Enclosure, Killasseragh, Co. Cork
Co. Cork |
Enclosures
Two upright stones on a south-facing pasture slope in Killasseragh, County Cork, have been quietly confusing people for well over a century.
They stand parallel to one another along a north-west to south-east axis, roughly 1.8 metres apart, their flat tops giving them a deliberate, architectural quality. A large displaced slab, some 2.4 metres long, leans against them on the south-west side. Running away from the stones for about eight metres towards a field fence is a low earthen bank or mound, around four metres wide and less than half a metre high, with a line of small upright stones along each of its edges. The whole arrangement is easy to miss, and easier still to misread.
A writer named Franklin, publishing in 1897, described this as an avenue of stones and interpreted the site as the remains of a cromlech, the older term for what we would now call a portal tomb or megalithic burial structure.
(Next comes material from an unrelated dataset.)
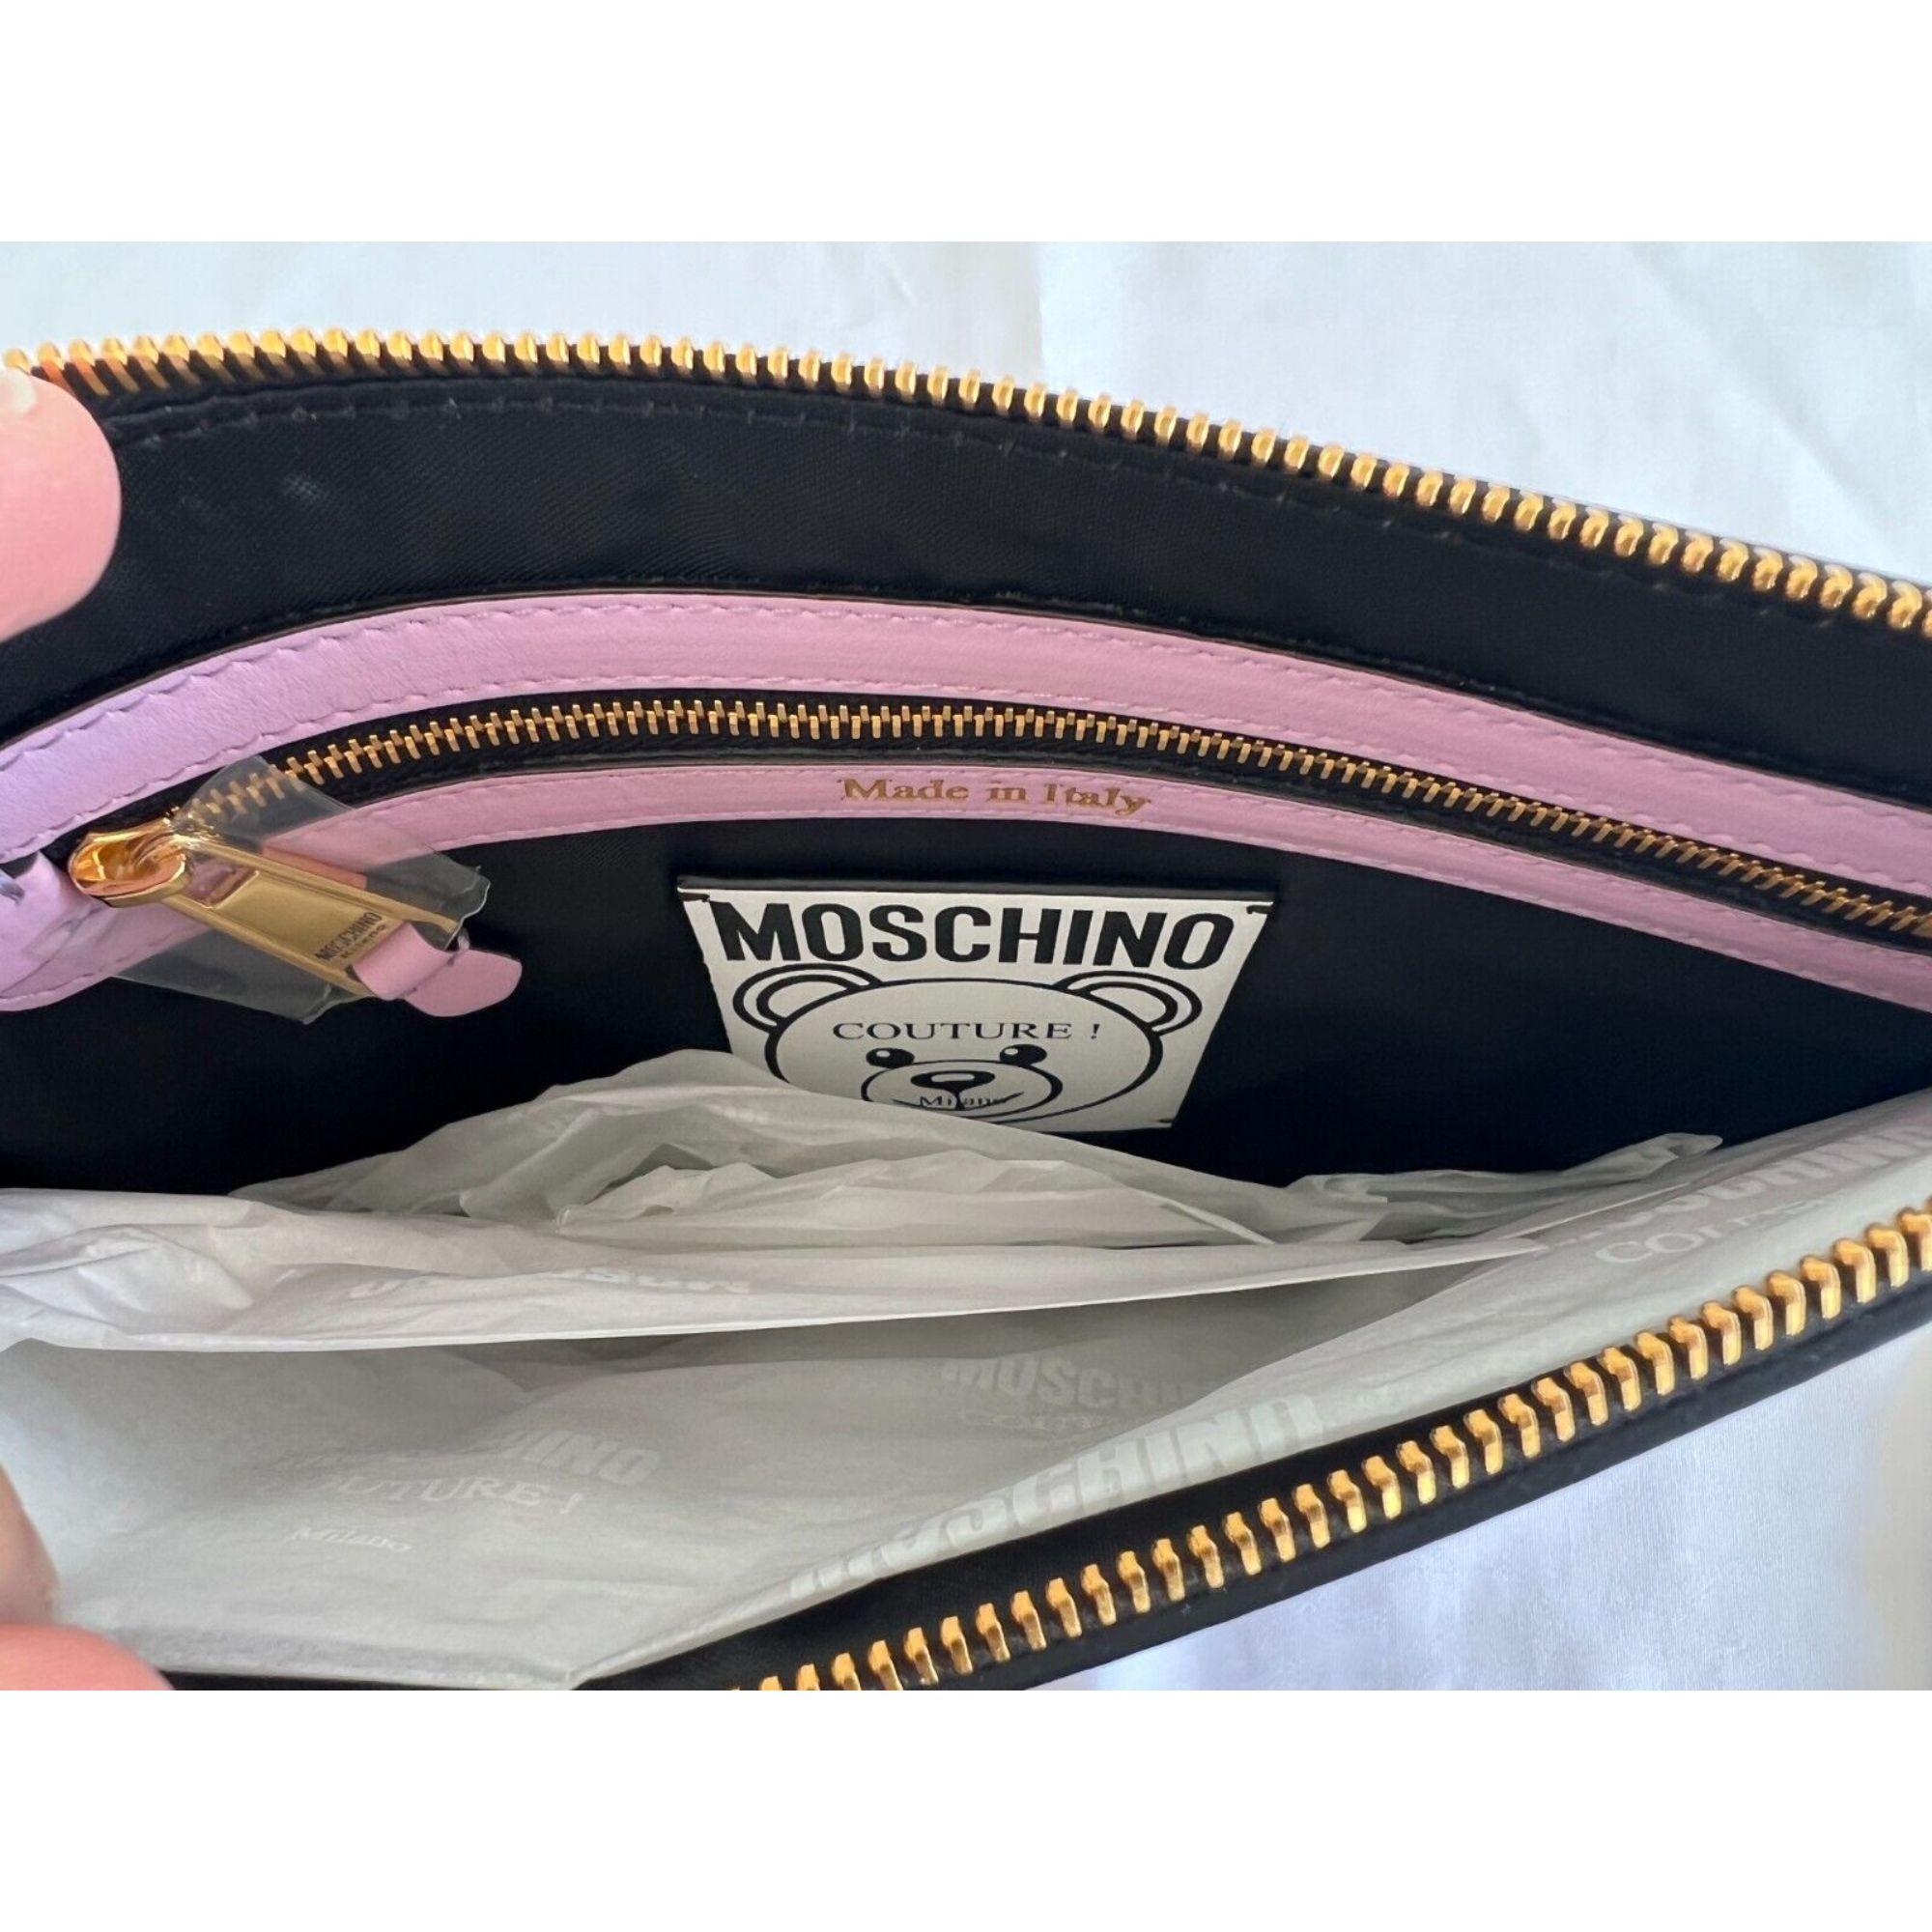 SS21 Moschino Couture Pink Clutch with Embroidered Teddy Bear by Jeremy Scott In New Condition For Sale In Matthews, NC

It is a reasonable instinct; the paired uprights and flanking stones do carry that kind of atmosphere. Current thinking, however, suggests something less dramatic but no less interesting: this is more likely the entrance to a prehistoric enclosure, the low bank and stone-edged approach forming a formal threshold into a defined space. Enclosures of this kind, broadly circular or oval areas bounded by earthworks or stone, served a range of purposes in prehistoric Ireland, from agricultural to ceremonial. The site also carries an added layer of cartographic strangeness: a church placename was attached to it on the original Ordnance Survey six-inch map, but this appears to have been a draughtsman's error, the name probably belonging to a separate enclosure located roughly three kilometres to the north-north-east.